Compute HMMer alignment between gene families sequences and HMM
Args:
hmms: List of HMM classified by bit_cutoffs
gf_sequences: List of digitalized gene families sequences
meta: Metadata associate with HMM
threads: Number of available threads
disable_bar: Disable progress bar
Returns:
Alignment results
"""
def hmmsearch_callback(hmm, _):
"""HMMSearch callback function for debugging
"""
logging.getLogger('PANORAMA').debug(f"Finished annotation with HMM {hmm.name.decode()}")
bar.update()
res = []
result = namedtuple("Result", res_col_names)
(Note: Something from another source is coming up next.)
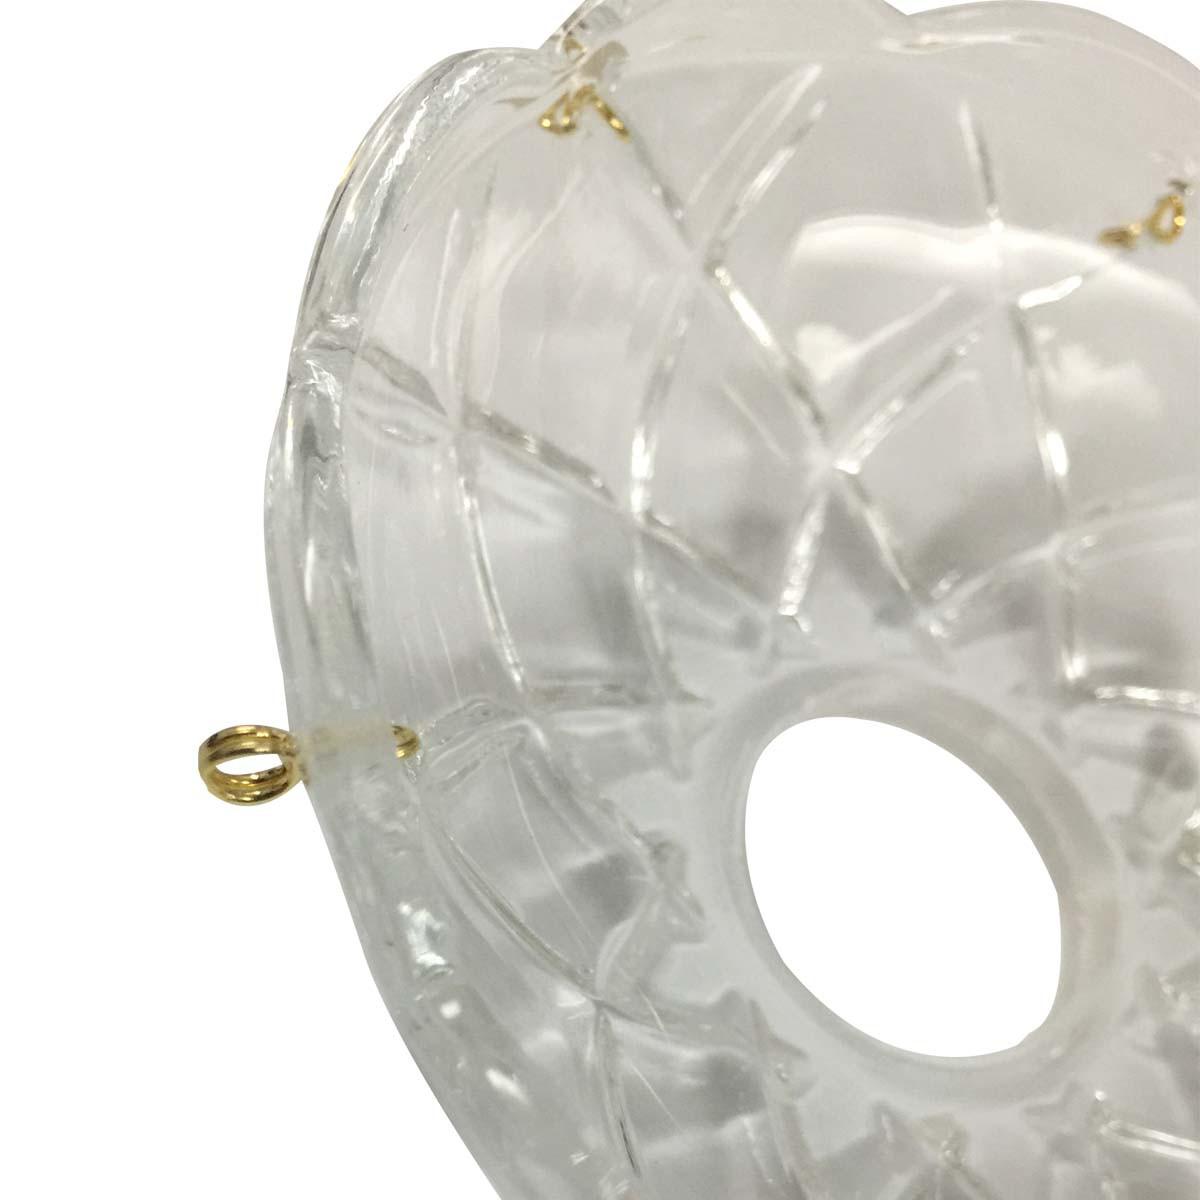 Vintage Bobeche Clear Crystal 6 Prism Hole Scallop 4 D Bobeches Bobeche Crystal Bobeche

logging.getLogger("PANORAMA").info("Begin alignment to HMM with HMMSearch")
seq_file = SequenceFile("P.aeruginosa/all_protein_families.faa", digital=True)
with tqdm(total=sum(len(hmm_list) for hmm_list in hmms.values()), unit="hmm",
desc="Align target to HMM", disable=disable_bar) as bar:
all_top_hits = []
for cutoff, hmm_list in hmms.items():
options = {}
if cutoff != "other":
options["bit_cutoffs"] = cutoff
for top_hits in hmmsearch(hmm_list, seq_file, cpus=threads, callback=hmmsearch_callback, **options):
all_top_hits.append(top_hits)
for hit in top_hits.included:
assign = assign_hit(hit, meta)
if assign is not None:
res.append(result(*assign))
return res, all_top_hits
sequences, fit_memory = digit_family_sequences(pangenome, disable_bar=disable_bar)
if fit_memory:
logging.getLogger("PANORAMA").debug("Launch pyHMMer-HMMSearch")
sequence_block = DigitalSequenceBlock(alphabet=Alphabet.amino(), iterable=sequences)
res, all_top_hits = annot_with_hmmsearch(hmms, sequence_block, meta, threads, disable_bar)
else:
logging.getLogger("PANORAMA").debug("Launch pyHMMer-HMMScan")
res, all_top_hits = annot_with_hmmscan(hmms, sequences, meta, threads, tmp, disable_bar)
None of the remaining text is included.